Friday, April 30, 2010

Responsibilities

In response to the questions below:
Can you expand a little on this age of "entitlement" thing?   
Are all teens spoiled these days?

What are you teaching?
What is the example you set?
How do you show our young people and your children how to live and love and give?
How responsible are you for how you care for your loved ones, your finances, your job and your health?

Do you take for granted you will have a job?
Do you complain about having to work?
Do you handle your money carefully and with respect?
Do you buy what you need rather than what you want?
Do you eat the right foods and appreciate where and how they are grown?
Do you use fuel for car and home wisely?
Do you conserve water, electricity and earth resources you use?
Do you share what you have with others who have need?
Do you use your time wisely and spend it on what inspires and increases your wisdom and well-being?

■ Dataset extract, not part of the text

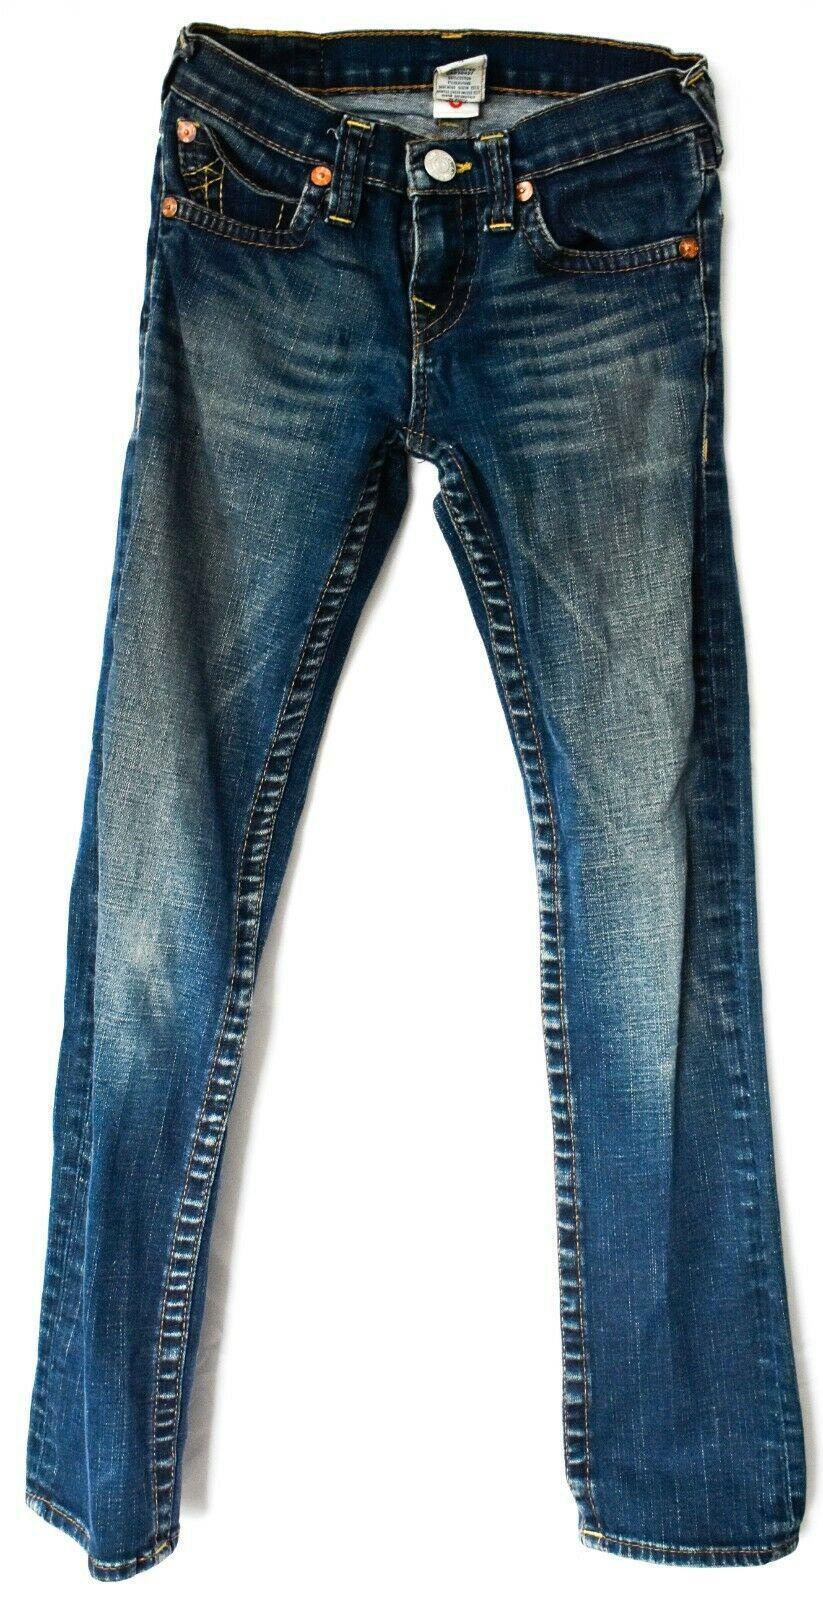 True Religion Girls Juniors Denim Straight Leg Blue Jeans Size 12 G102172QZ

In family systems our children and teens learn most fro how we live, not from what we say.
When we are modeling all these qualities we want for future generations, they admire and respect us.
When we are preaching, demanding and nagging for improvement, but do not improve ourselves, they do not respect, admire or believe us.

Children observe parents, teachers, employers to see how happy, healthy and successful they are.
In contrast, they observe how sports figures, politicians, music and movie stars live and what they say.
When we can be as happy and fulfilled as those who are glamorized, then we will be admired.
Are we genuinely happy and fulfilled?
Do we take good care of ourselves in obvious and subtle ways?
Are we loved and respected by others?
Do we share our happiness and our prosperity with others with gratitude and joy?


The age of entitlement comes from not seeing people work and enjoy working.
The feelings of getting what you want without giving much in return come from upbringing.
When parents work hard to “give their kids everything”, the children feel entitled to “everything”.
It is the adults (parents, teachers, employers) responsibility to expect and teach the benefits of work.

When our survival was our concern, we work to live.
When our pleasure is our concern, we work to fulfill our desires.
When our wealth is our concern, we focus on getting money.
When improving ourselves and serving humanity is our concern, we spend inner time healing, learning and growing.

We can refocus our children, our community, our workplace and our world, but changing our focus.
We can become responsible for making our bed and using our resources with respect and gratitude.
We can model effective living by letting go of laziness, lethargy, dependency and depression.
We can get up each day with an intention to live the best we know and improve as we grow.

Life is our choice.  How we use all we are given is our choice.
Expect nothing and give everything.
Honor yourself for being willing to DO THE WORK!